CredentialStore._write chmods to 0o600 after each save (chimera/auth/store.py:62); auth.json is a plain JSON file written by AuthManager.set_token() (chimera/auth/manager.py:154).

Proxy mode for teams

For an org-wide gateway sitting in front of Anthropic-shaped providers:

export ANTHROPIC_BASE_URL=http://proxy.internal:8000
export ANTHROPIC_AUTH_TOKEN=team-issued-jwt
chimera mink --model claude-sonnet-4 -p "..."

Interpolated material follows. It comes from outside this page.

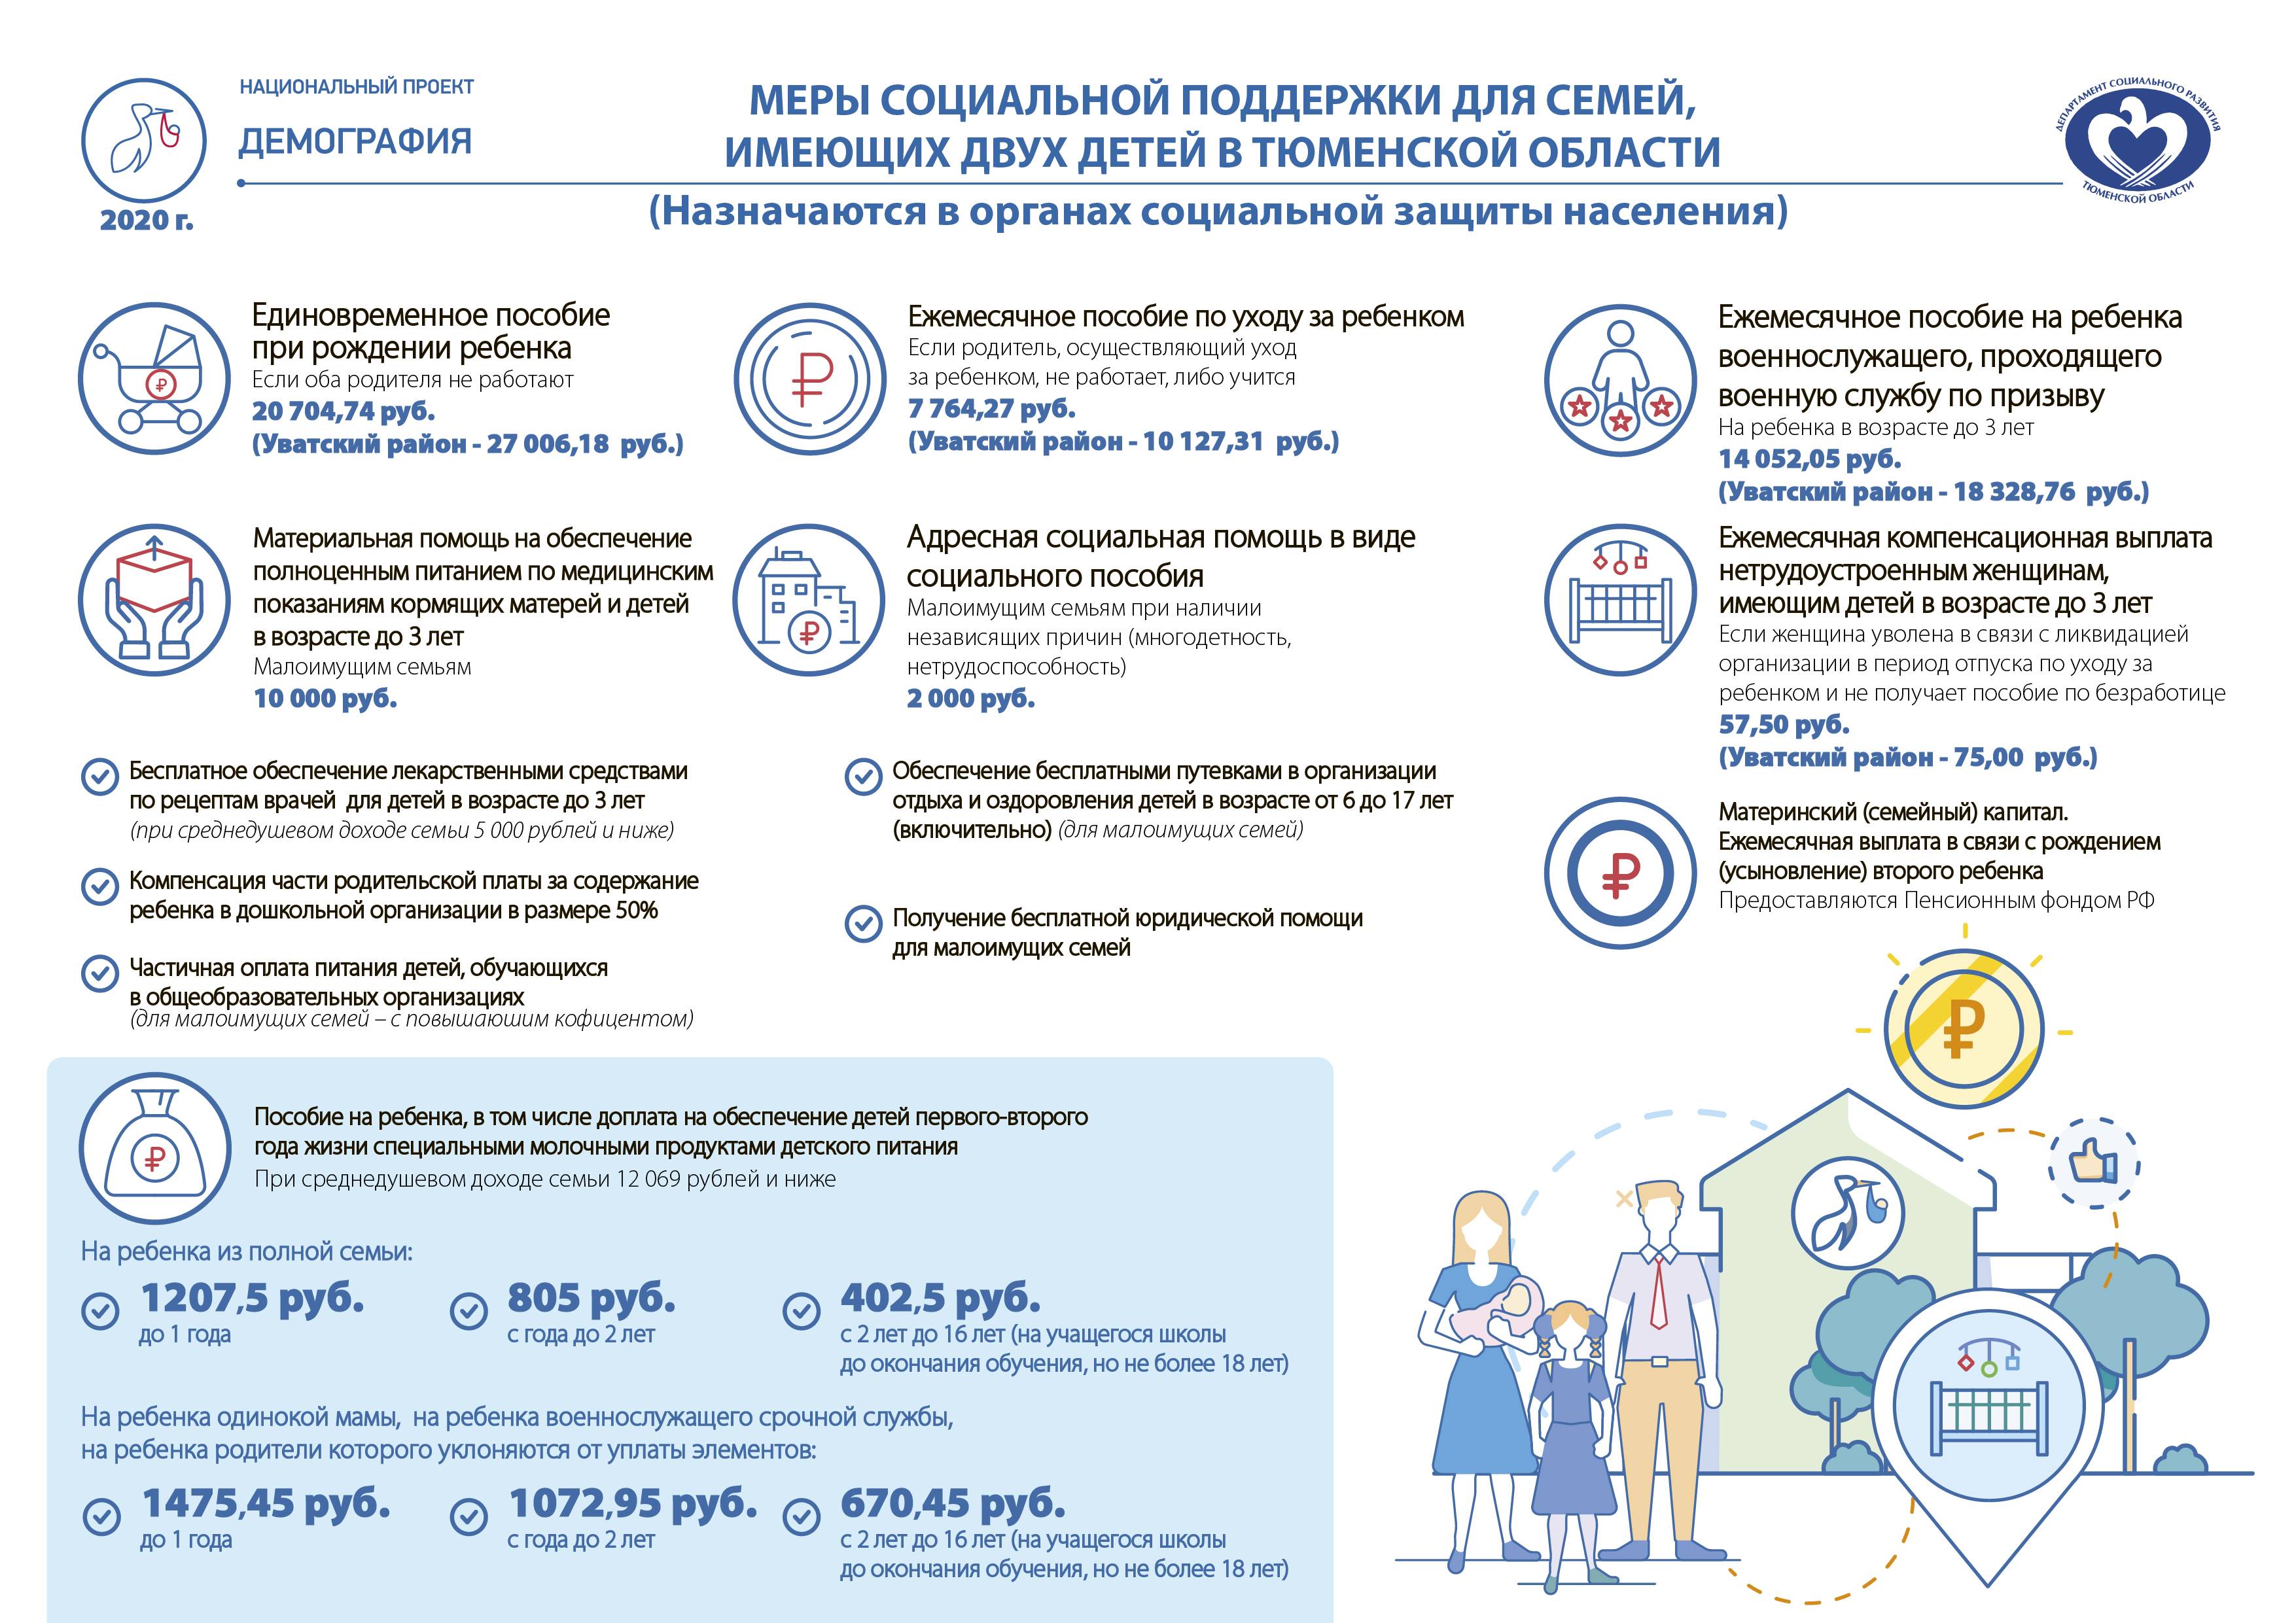 Объявлено о новом пособии на детей по 13 000 рублей, которое начнут зачислять на банковские карты с 14 ноября 2022 года малоимущим семьям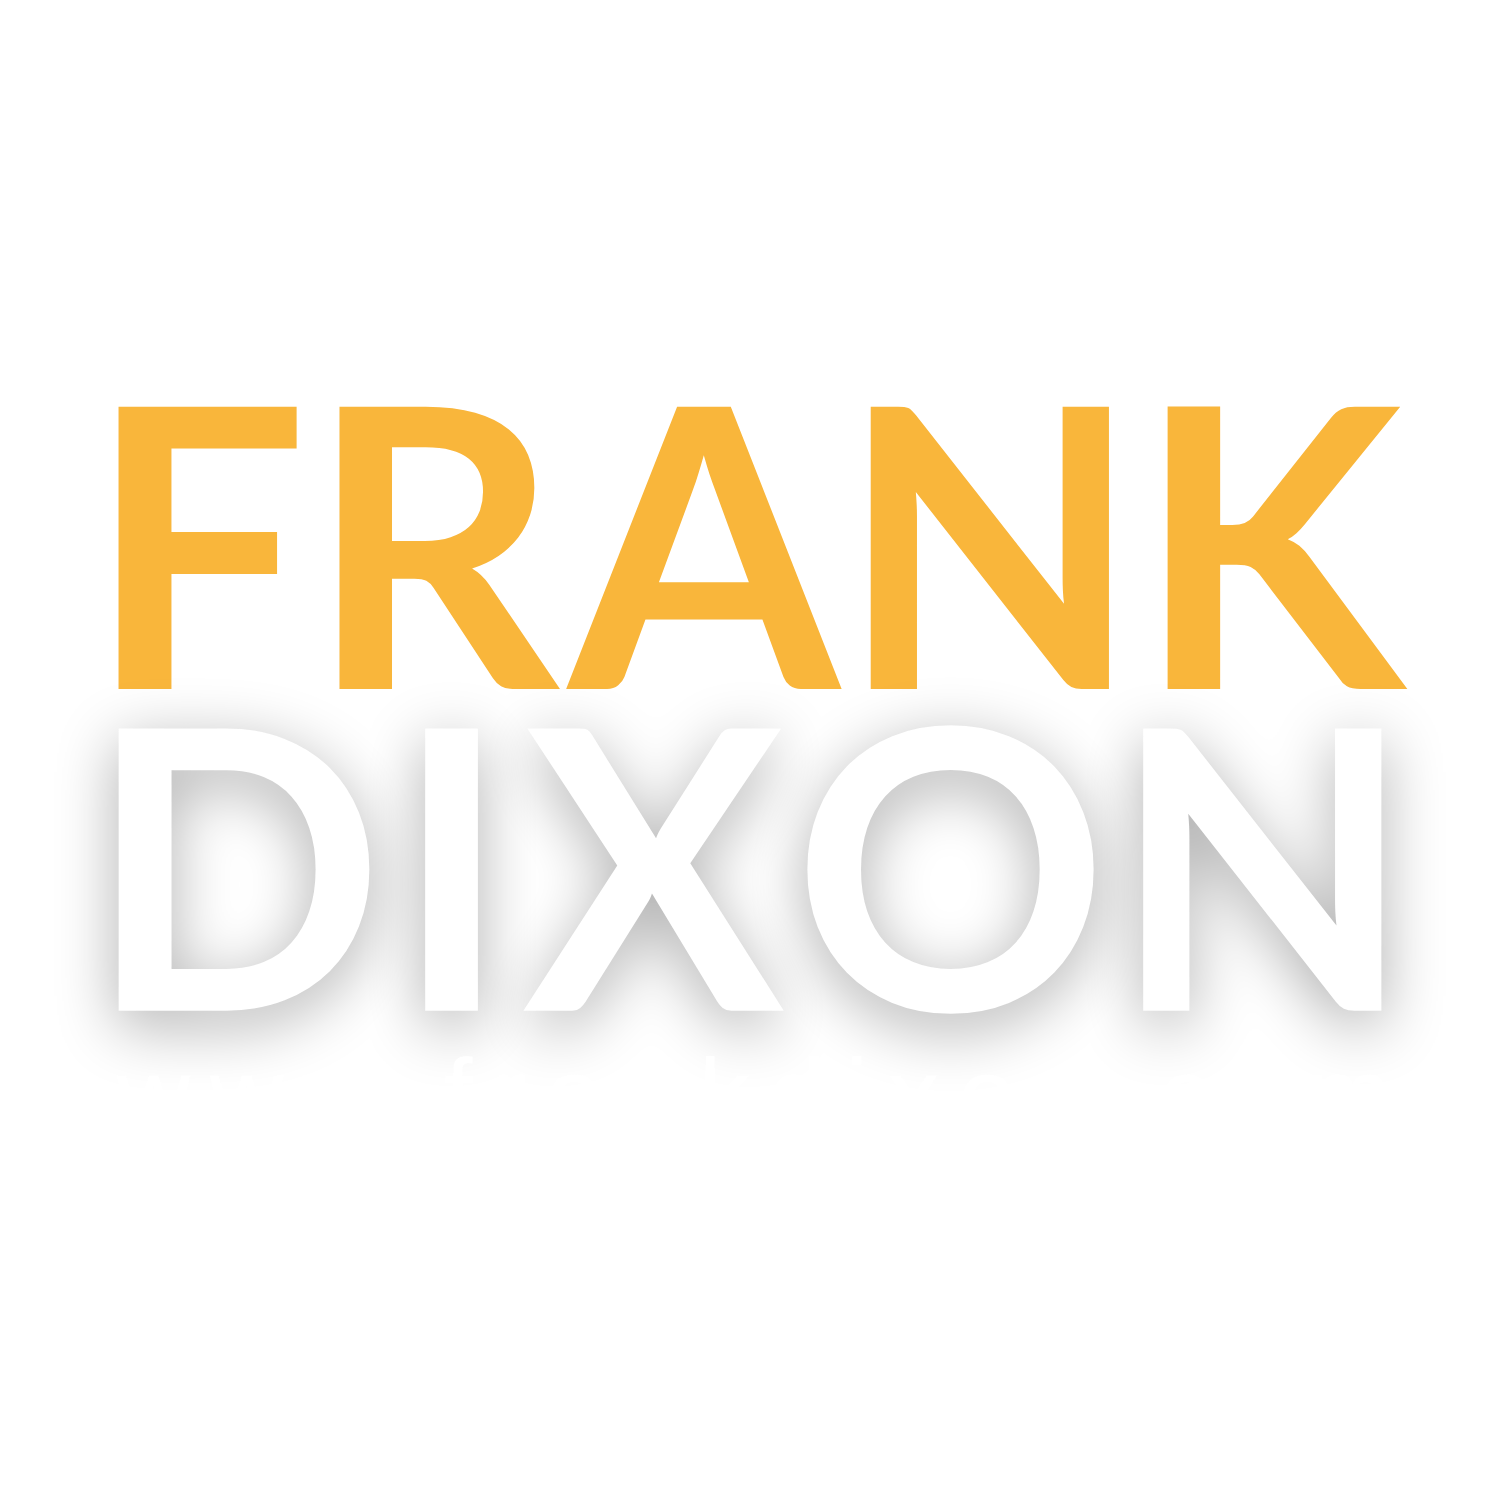 FRANKDIXON.COM

AnthropicProvider honors both env vars (chimera/providers/anthropic.py:53,58); the proxy can be a thin pass- through, a key-rotating relay, or a budget-enforcing gatekeeper. The dedicated proxy provider (above) is the alternative when your gateway speaks its own JSON shape rather than the Anthropic wire protocol.

Troubleshooting

Symptom	Likely cause / fix
`401` / `403`	Wrong key, wrong env var. Check `AuthManager.status()` or `printenv
`ImportError: pip install chimera-run[...]`	Provider’s optional extra is missing. `uv sync --extra anthropic` (or `openai`, `google`).
`Cannot infer provider from model name '...'`	Pass `provider_type=...` explicitly, or use a known prefix; see `_infer_provider()` for the list.
Streaming hangs / first call is slow	Cloud cold start. Ollama Cloud needs `keep_alive: 60m` (mink sets this). Anthropic / OpenAI typically warm in <2s.
`tool_calls` always empty on Ollama	You hit `/v1/chat/completions` instead of `/api/chat`. Set `OLLAMA_HOST` to the daemon root, not `.../v1`.
`temperature must be 1 with thinking`	Anthropic extended thinking forces `temperature=1` (see `anthropic.py:125`). Drop your custom temperature.
Ollama Kimi rejects `tool_choice: "required"`	Adapter silently drops it when `think:true` is also set (`ollama.py:103`); use `auto`/`none`.
Gemini complains about `$ref` / `oneOf`	The adapter strips them (`google.py:132`); if you see it pass through, check you’re hitting the right adapter.